Losing 60 lbs has respresented a huge milestone for me. 60 lbs is the most I have ever lost without weight loss meds. It's also the most I've ever lost as an adult (in high school, I lost 70 lbs with prescription diet pills - which made me so wired, I couldn't sleep and my hands shook at times).
It's weird, though because this weight loss attempt has been complete opposite of all previous attempts. I'm not racing to some imagined finish line, I'm just taking one day at a time and working at making small changes that I can incorporate comfortably in my life. This "slow, comfortable" path is like a walk in the park, compared to previous efforts. It's like I don't need willpower any more (which is good, because I think I've used up my lifetime supply and don't have any left). I just have to pay attention and keep focusing on trying to do a little better than I did the month/week/day before.
I almost feel like I've made NO changes, because the changes have been so gradual. I barely recognize the woman who had to buy a 2 in 1 shampoo and conditioner, because she didn't have the strength for a two step process in the shower - and had to always use a shower chair (I still have to use the shower chair during a flare of my fibro - but I at least can take a normal shower most of the time).
The GPS is mine before spring! We've actually been watching ebay for a while now. We figure the prices will be decent until February (of course, I need a new computer first).
I'm just so excited, all the way round. And I love that I have so many friends here to celebrate this with. My husband has been a wonderful support, and he was very happy for me, though I'm not sure he understands why it is such a big deal for me. He's trying to lose weight too, but he's never really tried to lose weight before he met me, so he's never had the "failed more than I succeeded" experience. It's all still fresh for him - without the taint of failure attached to the process.
It's just really nice to share with people I know truly understand why this is such a freakin' big deal.
congratulations. you are one of the biggest inspirations to me on this site- you are positive, you are doing it slow and steady which I am starting to figure out is the way i'm going to have to do it, and i'm just very happy for you. thanks for being a continuing inspiration.
It's just really nice to share with people I know truly understand why this is such a freakin' big deal.
Ohhh yeaaahhhh, we UNDERSTAND!
And BTW, sharing is a gift to us too.
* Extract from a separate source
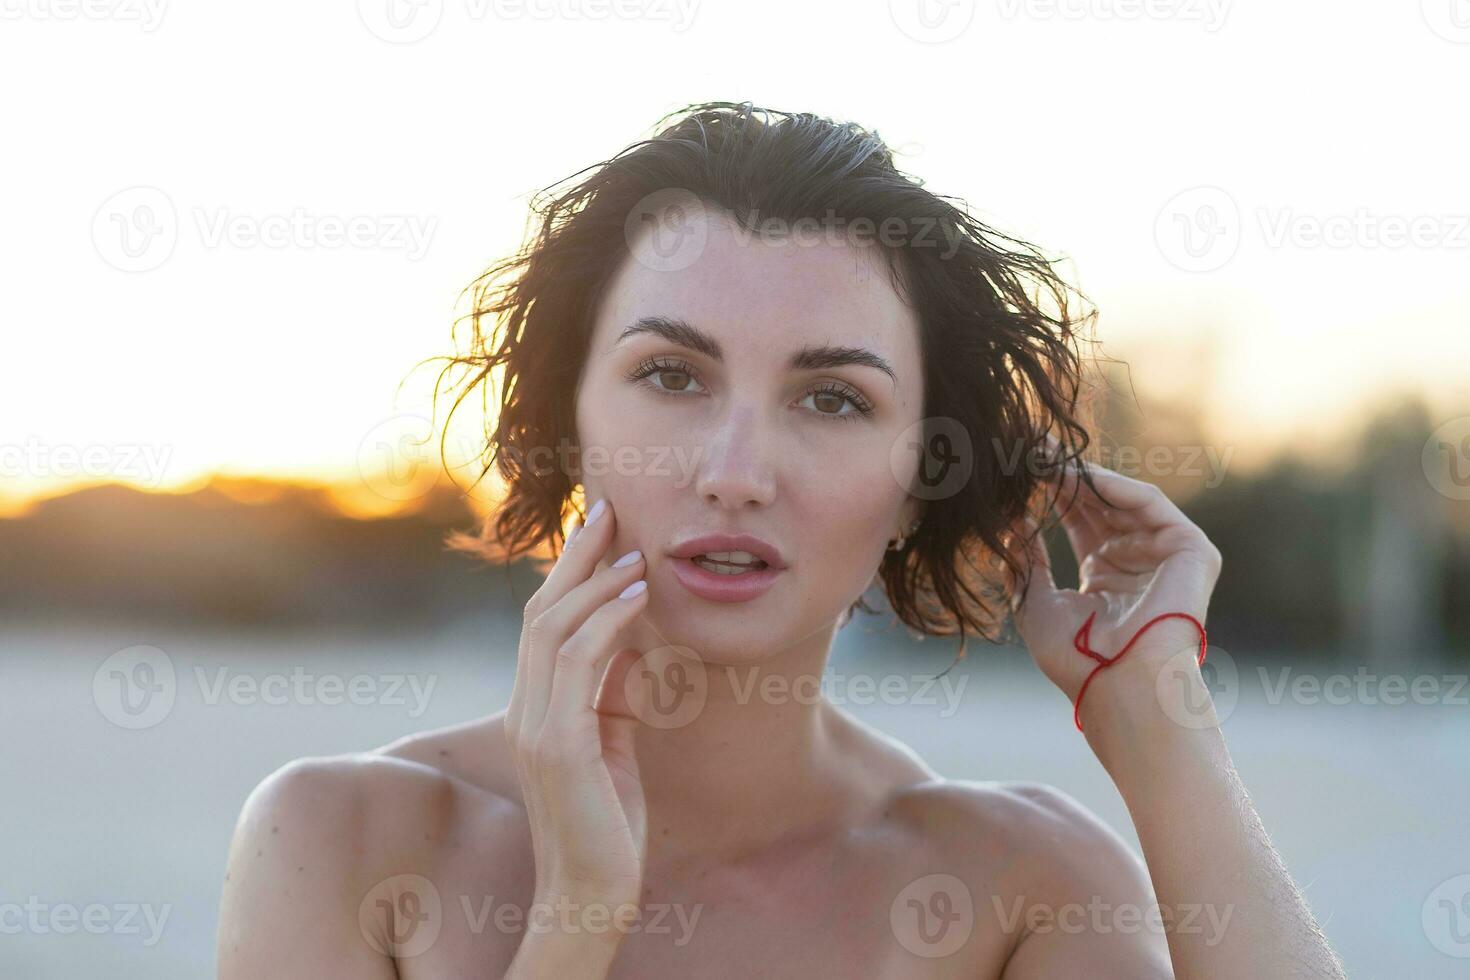 Sexy back of a beautiful woman in red bikini on sea background photo

Not only do these successes motivate me, they just plain make me happy. I would never have thought I would care so much about the success and happiness of so many people I've never met, but I really do. With 3FC, it's a given that if I'm plateau-ing or even struggling, there's somebody having a success I can share and enjoy. And if I'm having a lot of success (whether on the scale or not), there's somebody else who needs to hear about it and take some joy and motivation from it.